I can tell you that I am so thankful for the incredible doctors I have found who listen. I am so grateful for the support team I have of the family that finally understands the extent of our genetic condition. I am so grateful for friends who inspire me to get out and have fun! I am incredibly fortunate to financially afford the medical care that I can receive with the medications and supplements I have found that help me function so well!
I still have terrible days. I still have lows. On those days, I’m really quiet. I put on a sad movie. An “Old Yeller” type of movie (that made me cry as a kid every time I watched it!) A good cry usually helps. Then what else helps me when it’s a low day? Especially if it’s pain-driven- Epsom salt baths, soft, cozy pajama pants and comfy blankets, socks, and doing nothing. That’s right. Cancelling plans. It’s okay to have bad days. As the saying goes,
“It’s okay to not be okay, but it’s not okay to stay that way.”
I know the next day will be better. It’s usually food or lack of sleep that is the culprit. Sleep is a must!!! Just like Elijah.
We all need rest.
Our verse for today comes from Isaiah 26: 3-4
You will keep in perfect peace those whose minds are steadfast, because they trust in you. Trust in the Lord forever, for the Lord, the Lord himself, is the Rock eternal.

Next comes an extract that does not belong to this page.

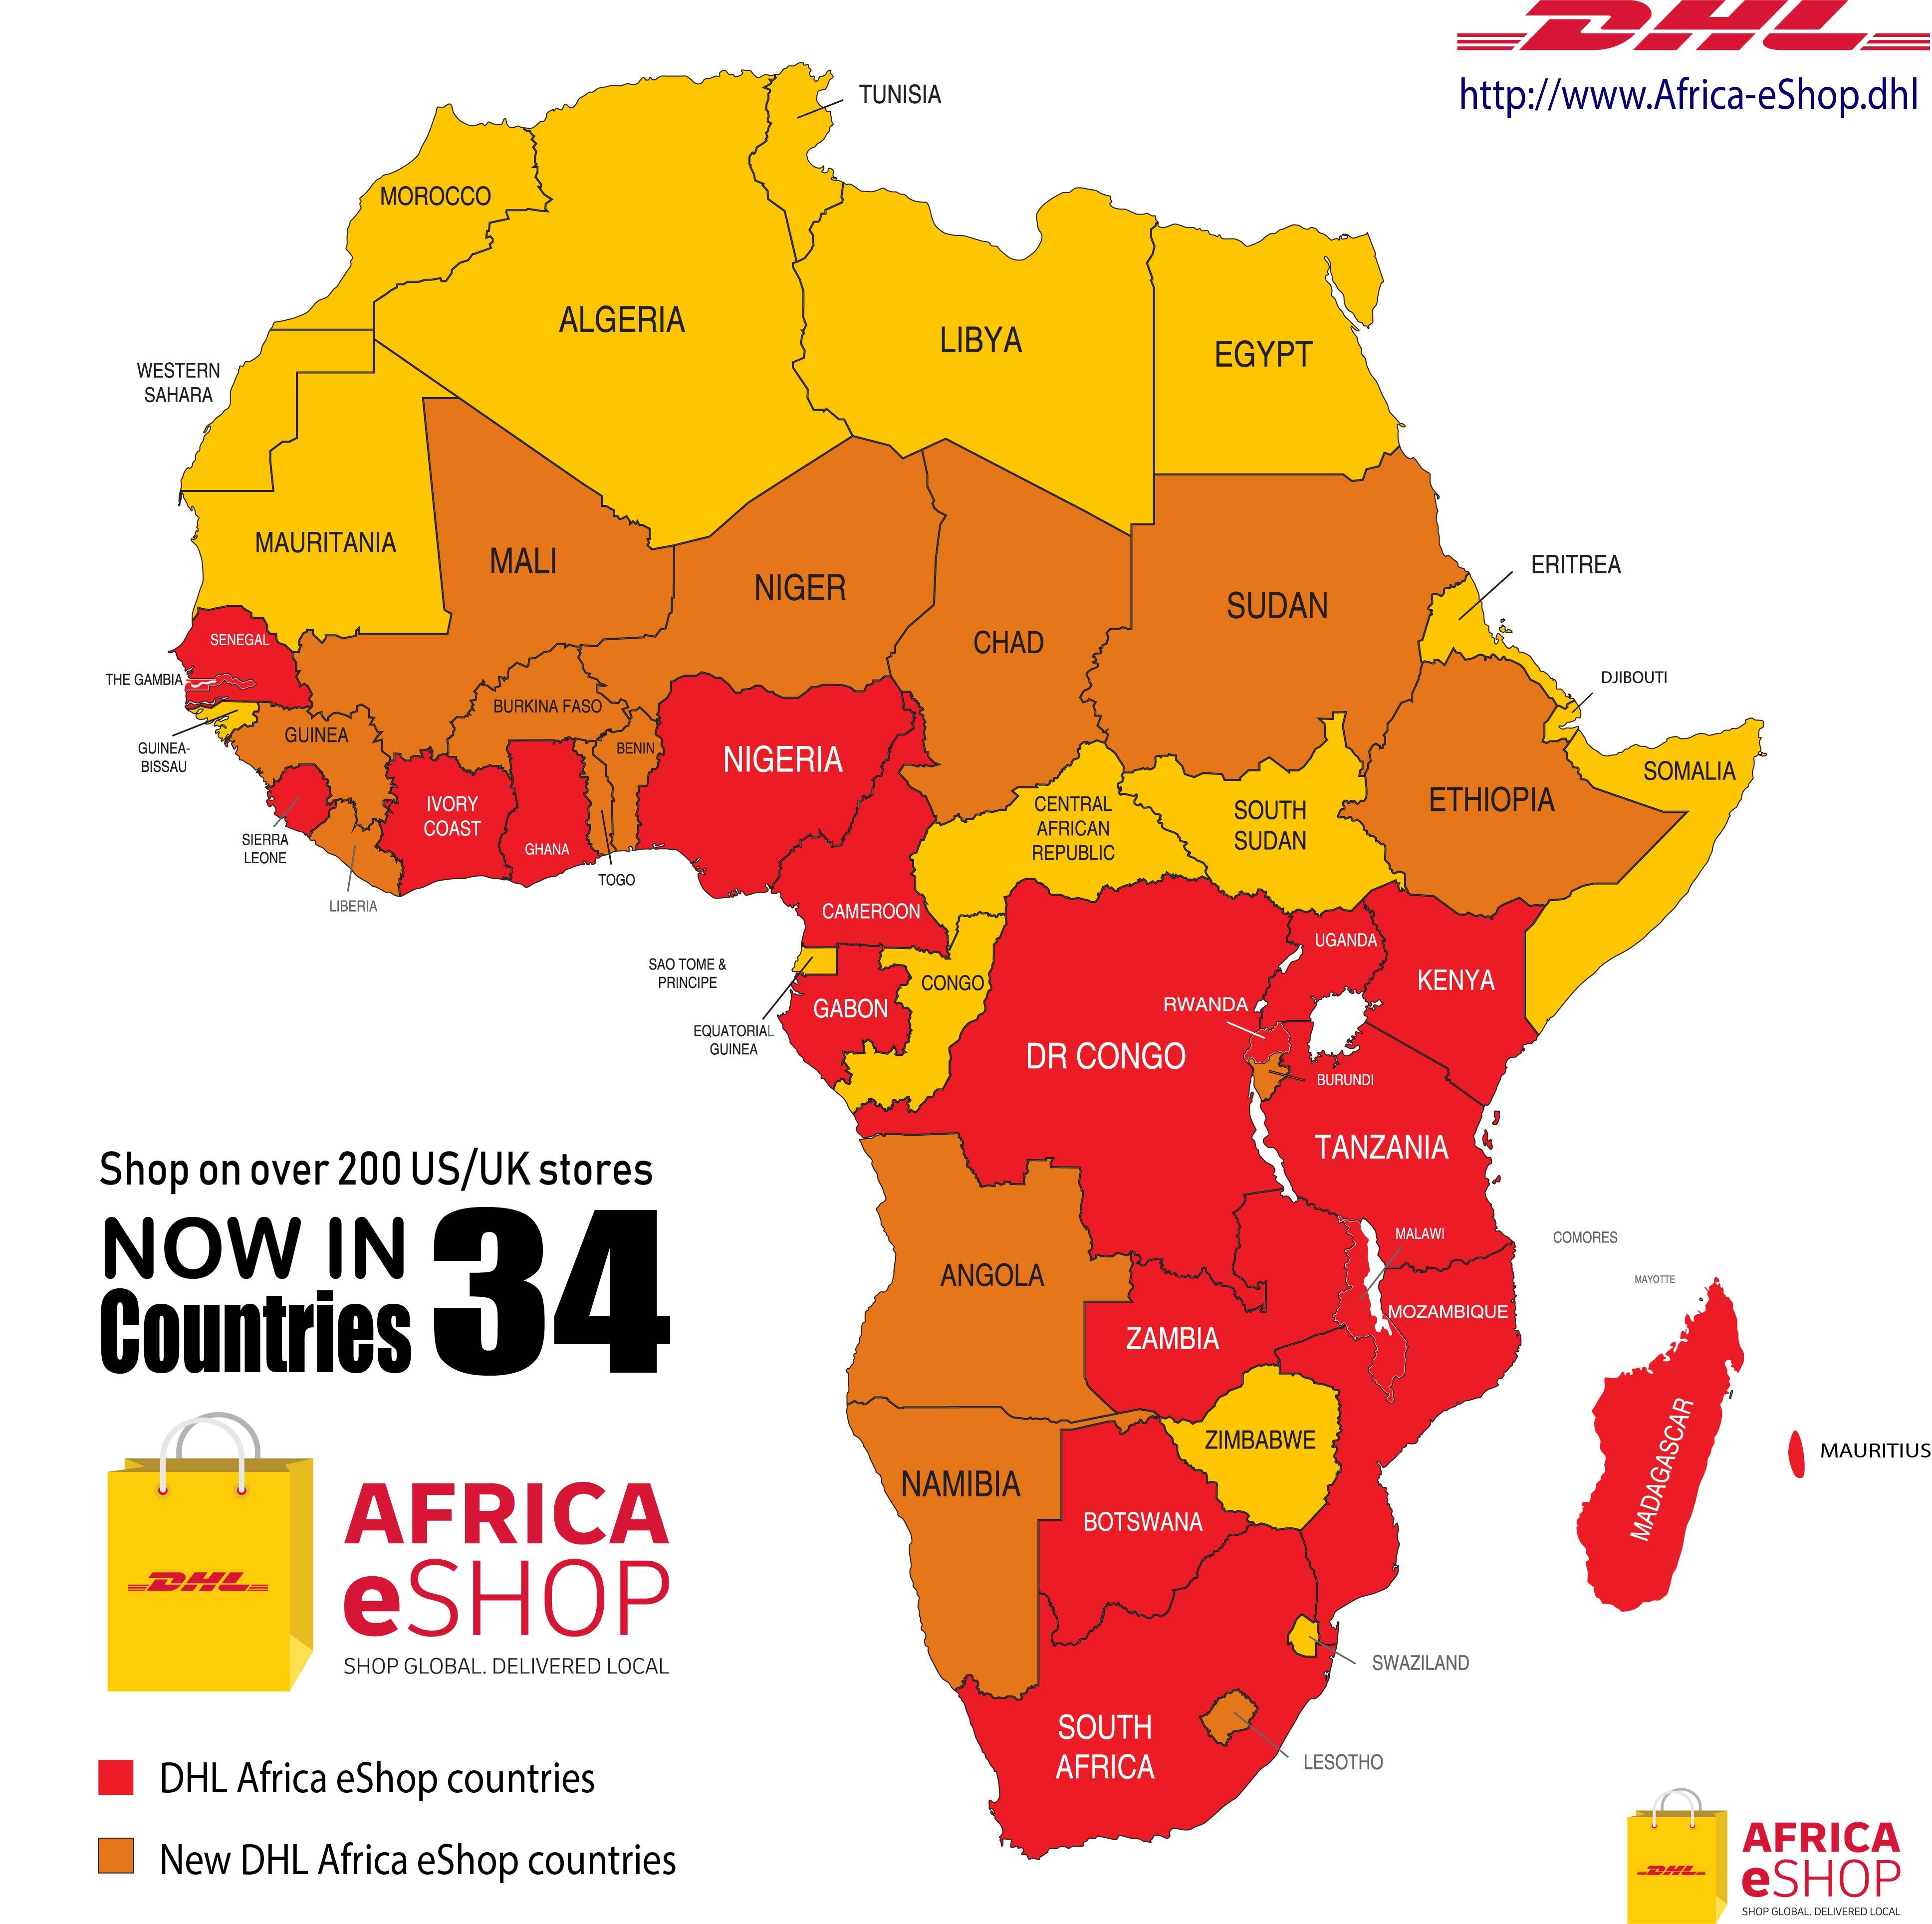 DHL AFRICA ESHOP MAP

I love this!!! I also cry out to God on my bad pain days. I want to remain steadfast. I know the pain is only for a “season.” I know “joy comes in the morning.” I know I will have a new body someday, and it will be glorious!!! I’m so excited for that day! So I dwell on that when my pain is severe, as the tears flow from my eyes. I just focus on the Rock of my salvation, for I know my “light and momentary troubles are storing up for me a crown,” which is eternal. This keeps me steadfast through the highs and lows.